DATA EXTRACT START

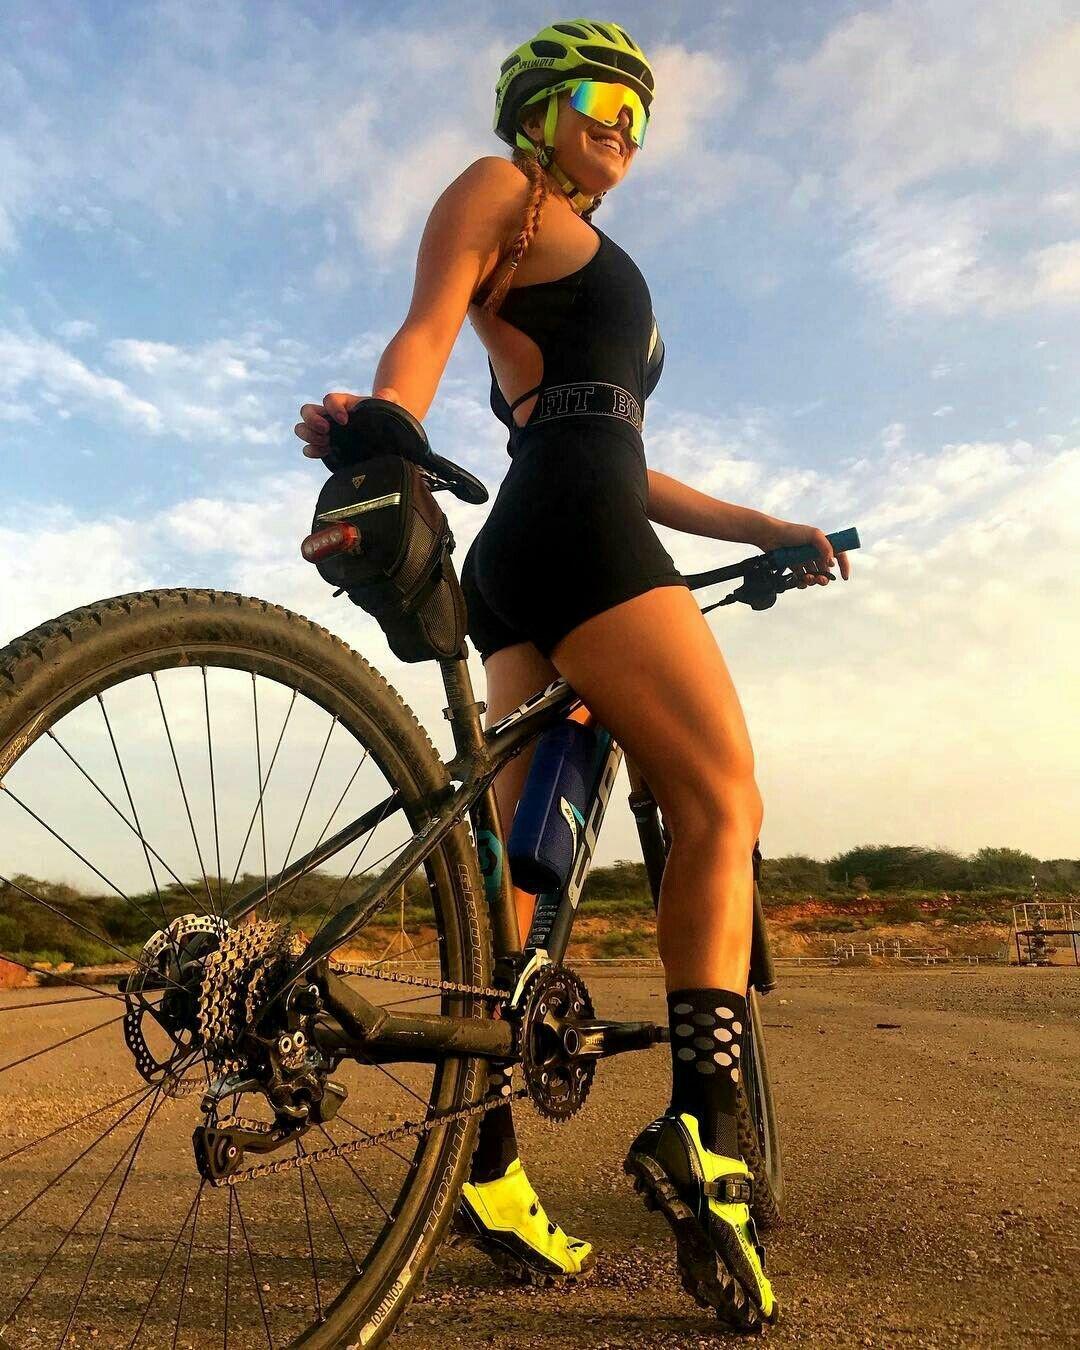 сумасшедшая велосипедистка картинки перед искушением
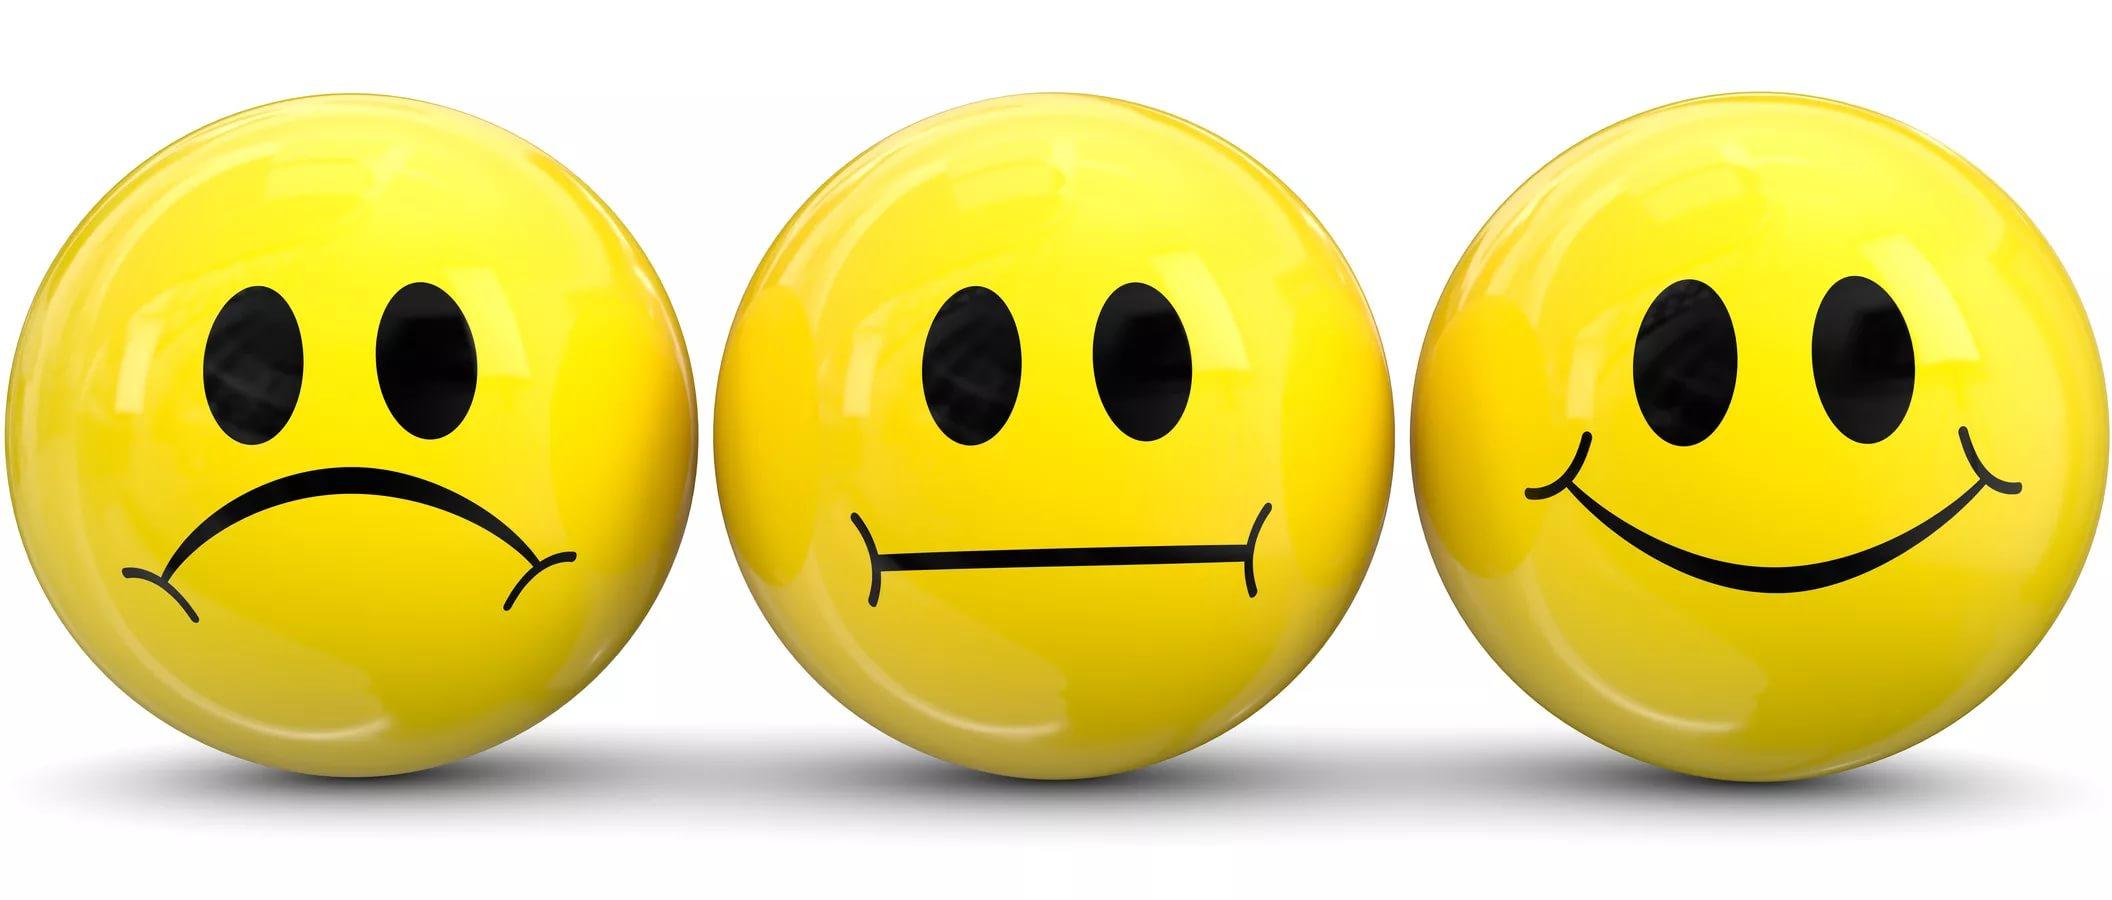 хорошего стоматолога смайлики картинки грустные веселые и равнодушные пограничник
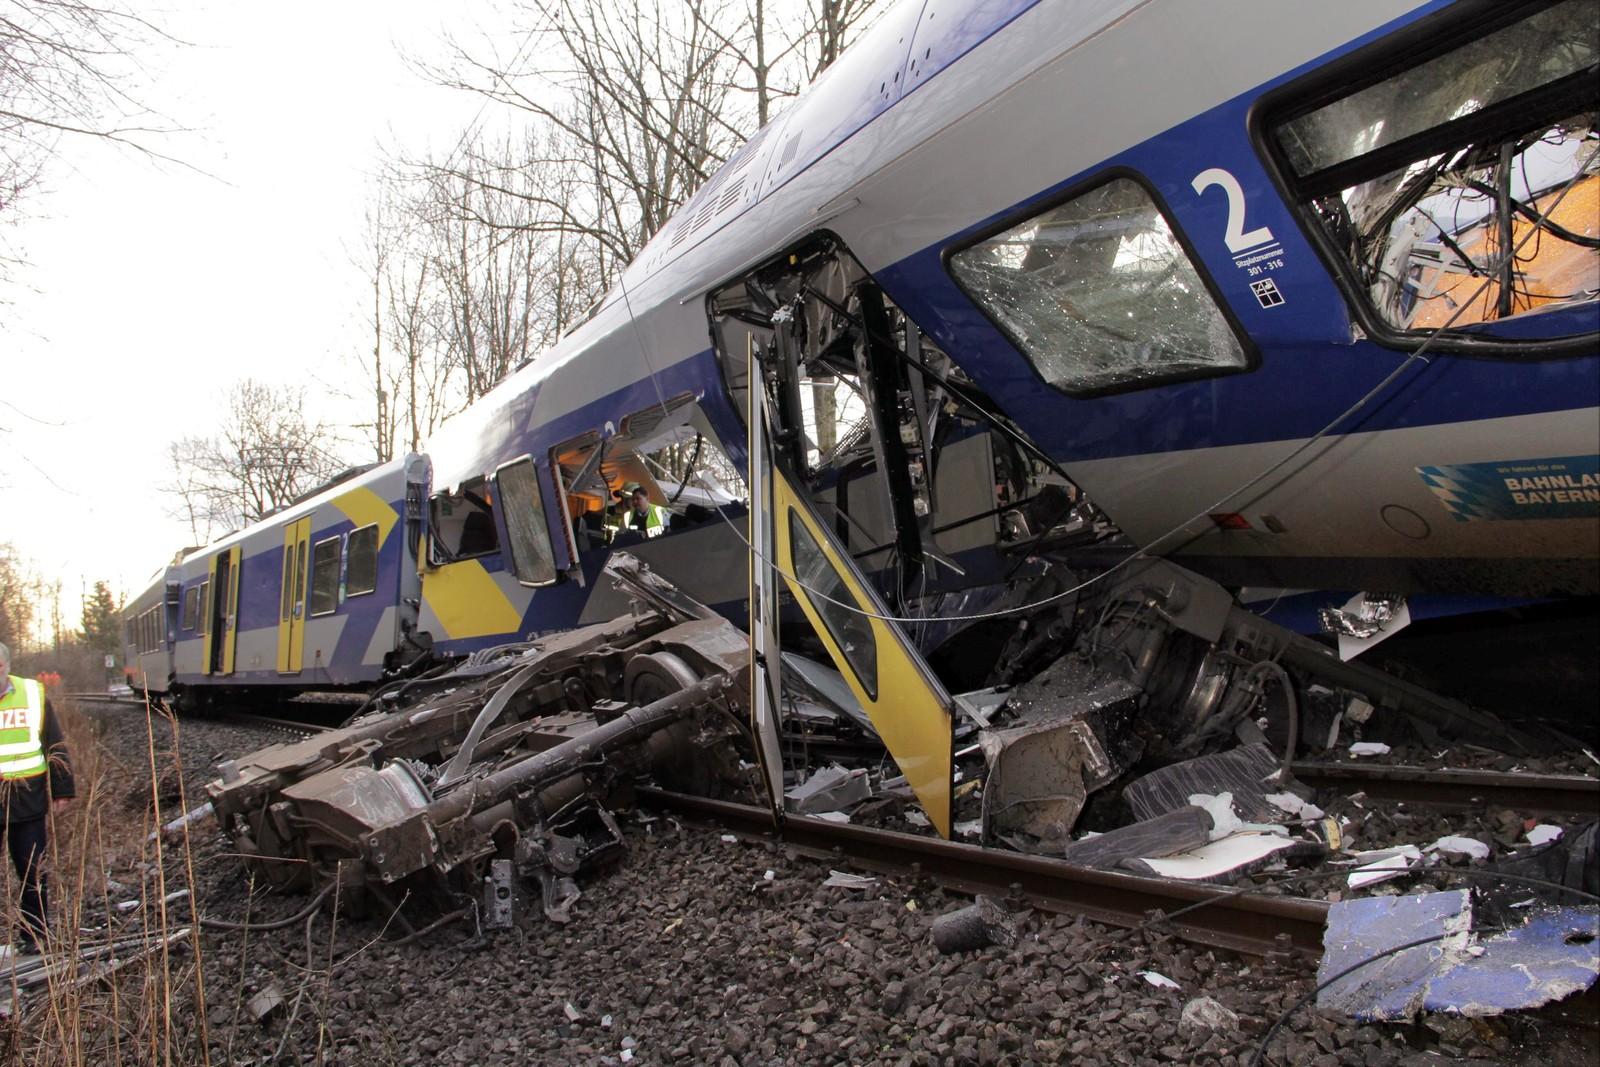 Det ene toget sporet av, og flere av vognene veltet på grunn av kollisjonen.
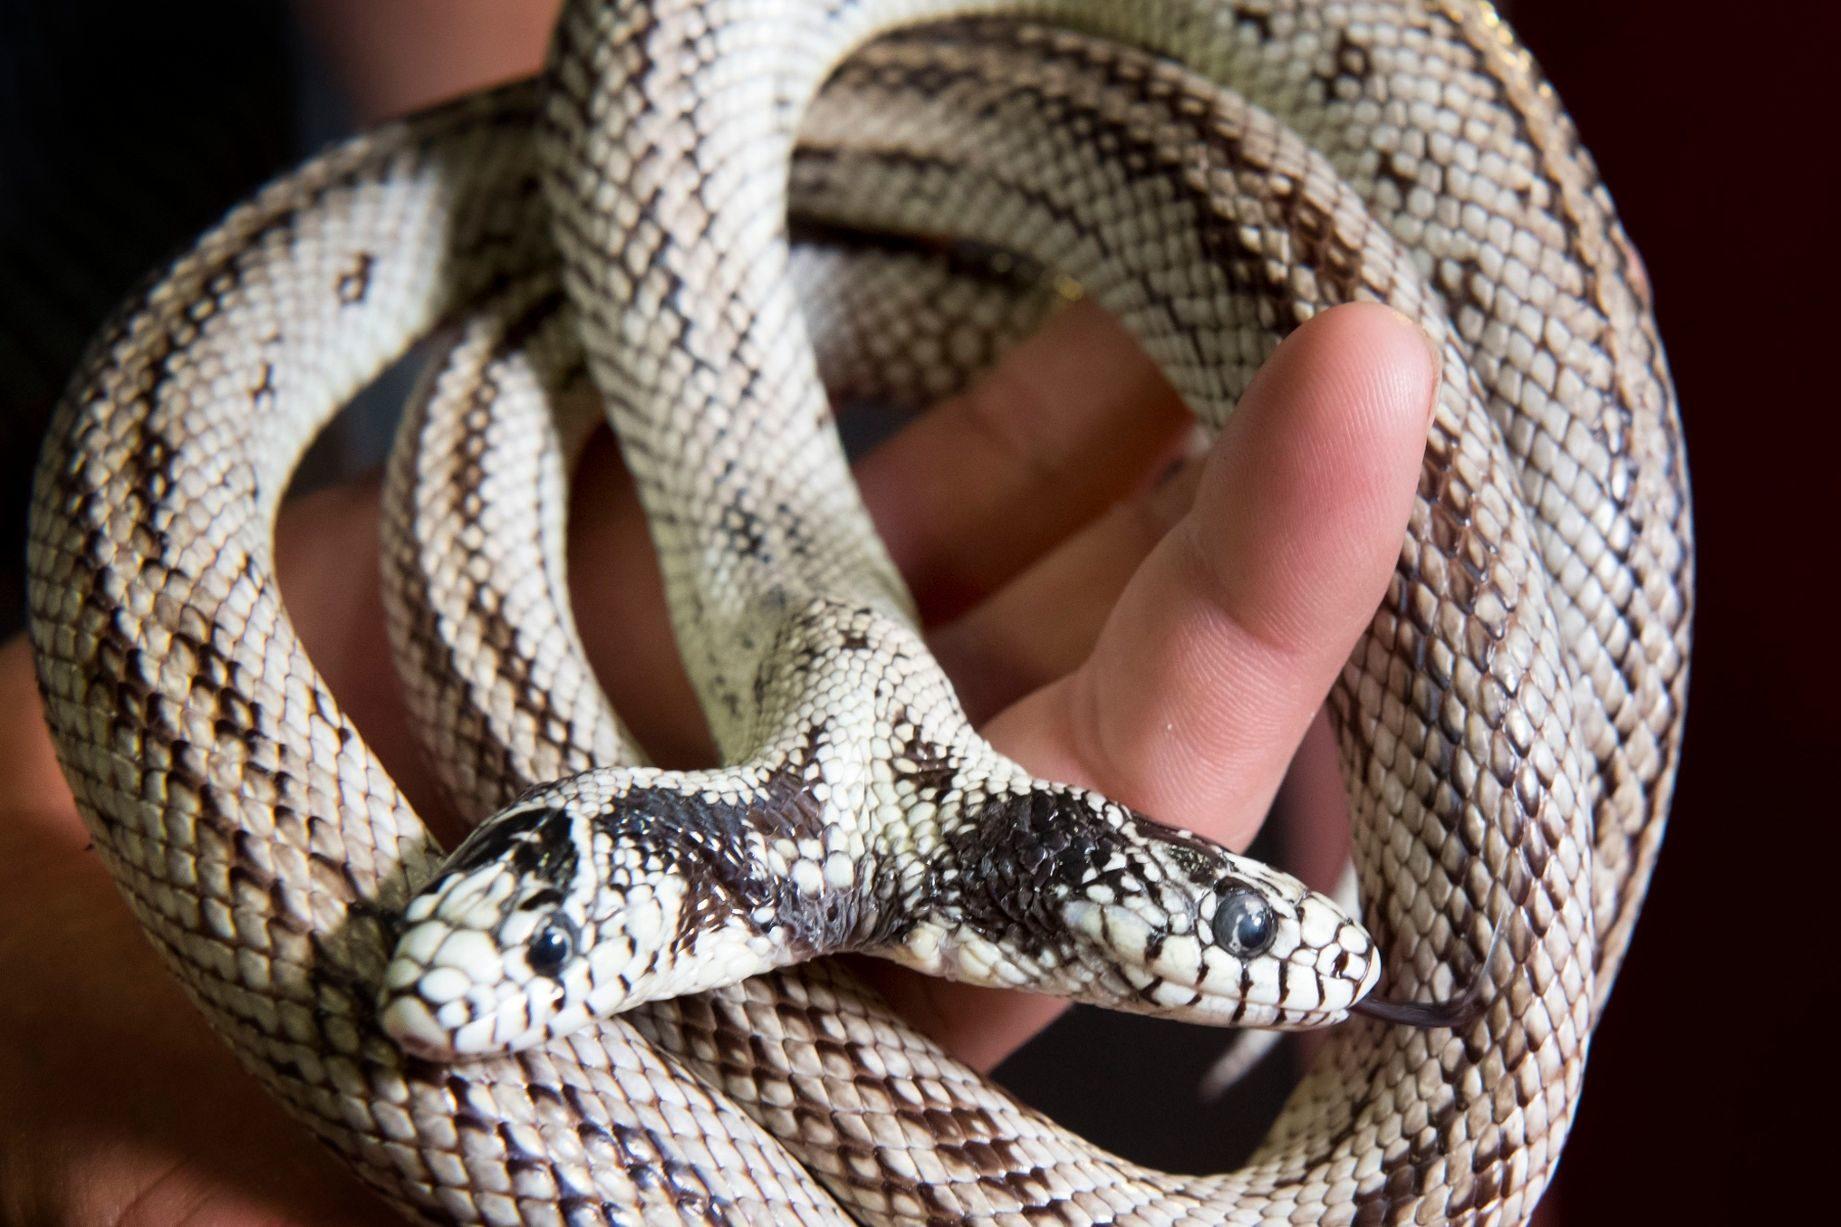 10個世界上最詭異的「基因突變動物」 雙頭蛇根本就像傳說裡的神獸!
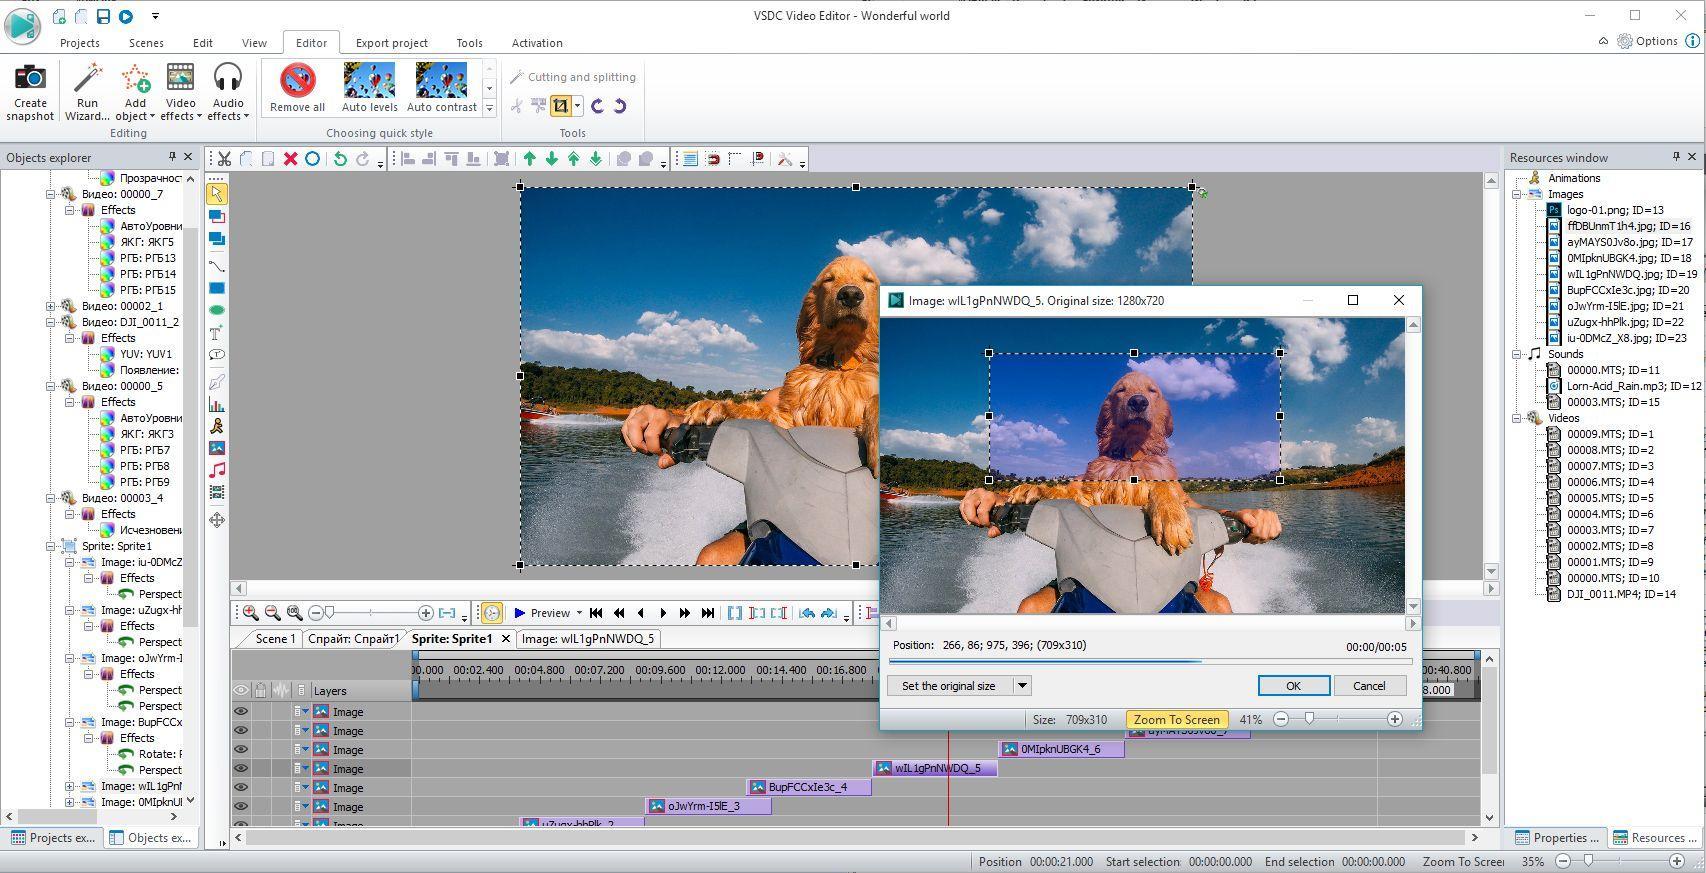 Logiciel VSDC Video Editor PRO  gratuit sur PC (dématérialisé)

DATA EXTRACT END

■ ACTIVITY
Transcribe all data precisely. Pictures are not copied.

■ COMPLETED TASK
 сумасшедшая велосипедистка картинки перед искушением
 хорошего стоматолога смайлики картинки грустные веселые и равнодушные пограничник
 Det ene toget sporet av, og flere av vognene veltet på grunn av kollisjonen.
 10個世界上最詭異的「基因突變動物」 雙頭蛇根本就像傳說裡的神獸!
 Logiciel VSDC Video Editor PRO  gratuit sur PC (dématérialisé)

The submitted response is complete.